DATASET_NAME = "PENGUIN"
client = Client(url=APP_URL, user_name = USER_NAME, dataset_name = DATASET_NAME)
And that’s it for the preparation. She is now ready to use the various functionnalities offered by fso_sdd_demo
.
Step 3: Metadata and dummy dataset
Getting dataset metadata
Dr. Antartica has never seen the data and as a first step to understand what is available to her, she would like to check the metadata of the dataset. Therefore, she just needs to call the get_dataset_metadata()
function of the client. As this is public information, this does not cost any budget.

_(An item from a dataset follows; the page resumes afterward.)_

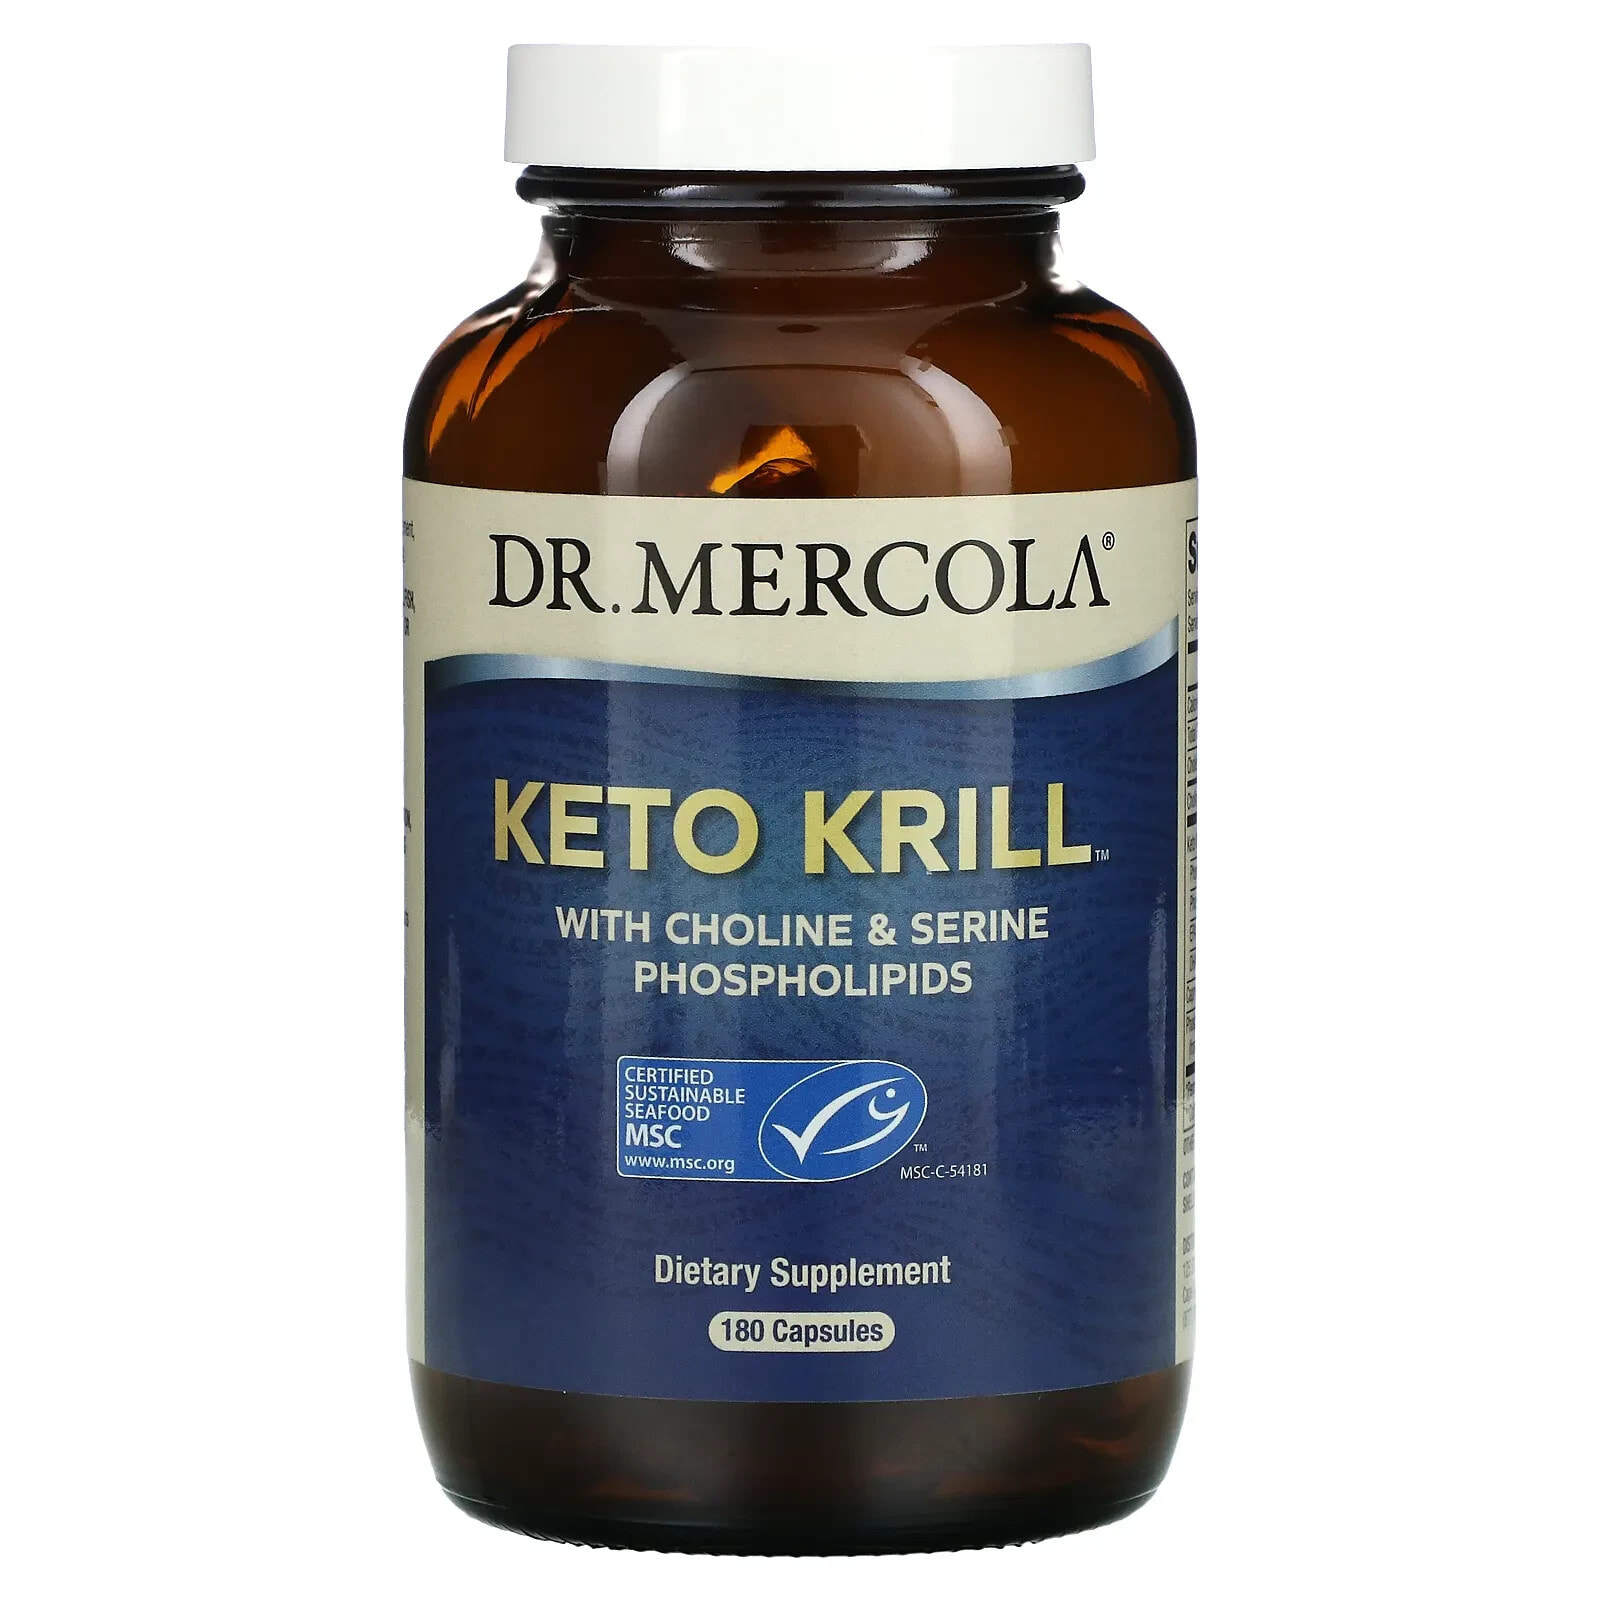 ДР. Меркола, Keto Krill, криль с фосфолипидами холина и серина, 60 капсул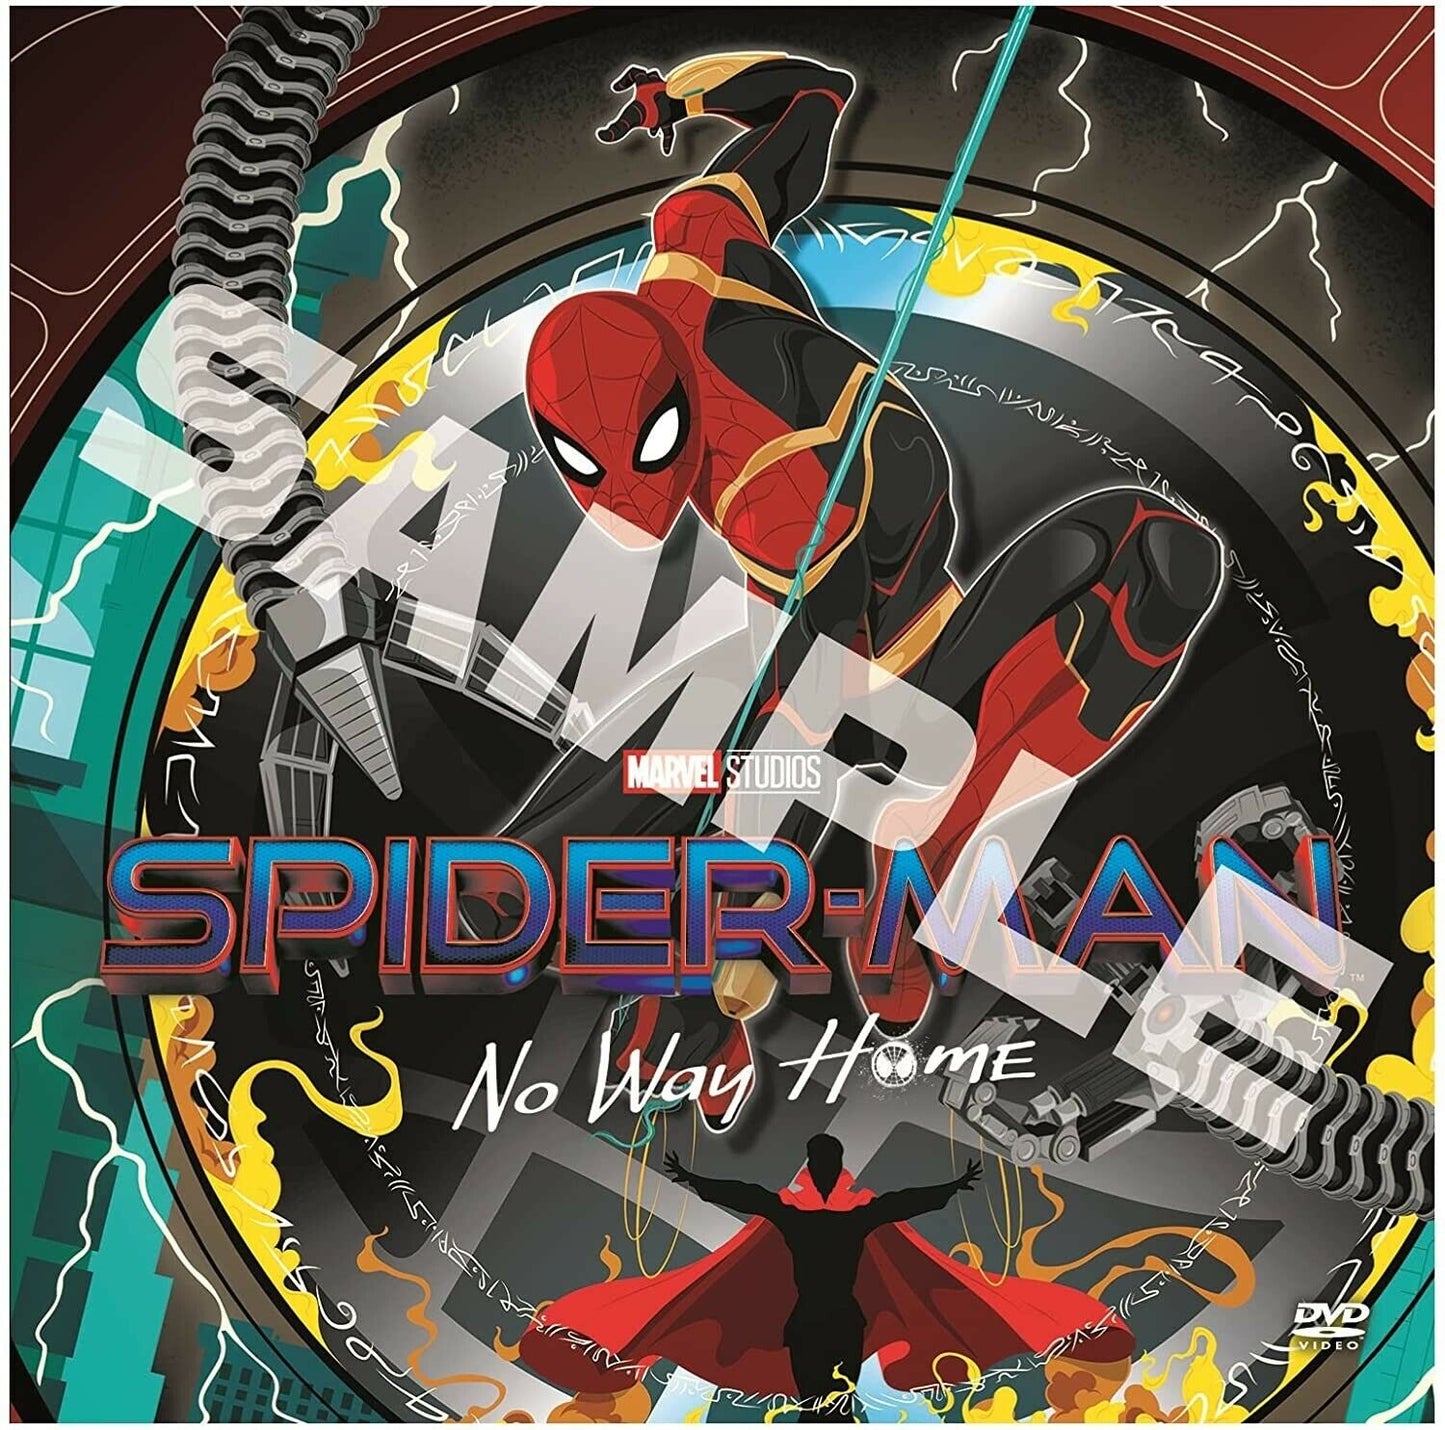 Spider-Man: No Way Home 4K Blu-ray Steelbook Amazon Japan Exclusive

This function returns metadata information in a format based on SmartnoiseSQL dictionary format, where among other, there is information about all the available columns, their type, bound values (see Smartnoise page for more details). Any metadata is required for Smartnoise-SQL is also required here and additional information such that the different categories in a string type column column can be added.
[5]:
penguin_metadata = client.get_dataset_metadata()
penguin_metadata
[5]:
{'max_ids': 1,
'row_privacy': True,
'censor_dims': False,
'columns': {'species': {'type': 'string',
'cardinality': 3,
'categories': ['Adelie', 'Chinstrap', 'Gentoo']},
'island': {'type': 'string',
'cardinality': 3,
'categories': ['Torgersen', 'Biscoe', 'Dream']},
'bill_length_mm': {'type': 'float', 'lower': 30.0, 'upper': 65.0},
'bill_depth_mm': {'type': 'float', 'lower': 13.0, 'upper': 23.0},
'flipper_length_mm': {'type': 'float', 'lower': 150.0, 'upper': 250.0},
'body_mass_g': {'type': 'float', 'lower': 2000.0, 'upper': 7000.0},
'sex': {'type': 'string',
'cardinality': 2,
'categories': ['MALE', 'FEMALE']}}}
Based on this Dr. Antartica knows that there are 7 columns, 3 of string type (species, island, sex) with their associated categories (i.e. the species column has 3 possibilities: ‘Adelie’, ‘Chinstrap’, ‘Gentoo’) and 4 of float type (bill length, bill depth, flipper length and body mass) with their associated bounds (i.e. the body mass of penguin ranges from 2000 to 7000 gramms). She also knows based on the field max_ids: 1
that each penguin can only be once in the dataset and on the field
row_privacy: True
that each row represents a single penguin.
Get a dummy dataset
Now, that she has seen and understood the metadata, she wants to get an even better understanding of the dataset (but is still not able to see it). A solution to have an idea of what the dataset looks like it to create a dummy dataset.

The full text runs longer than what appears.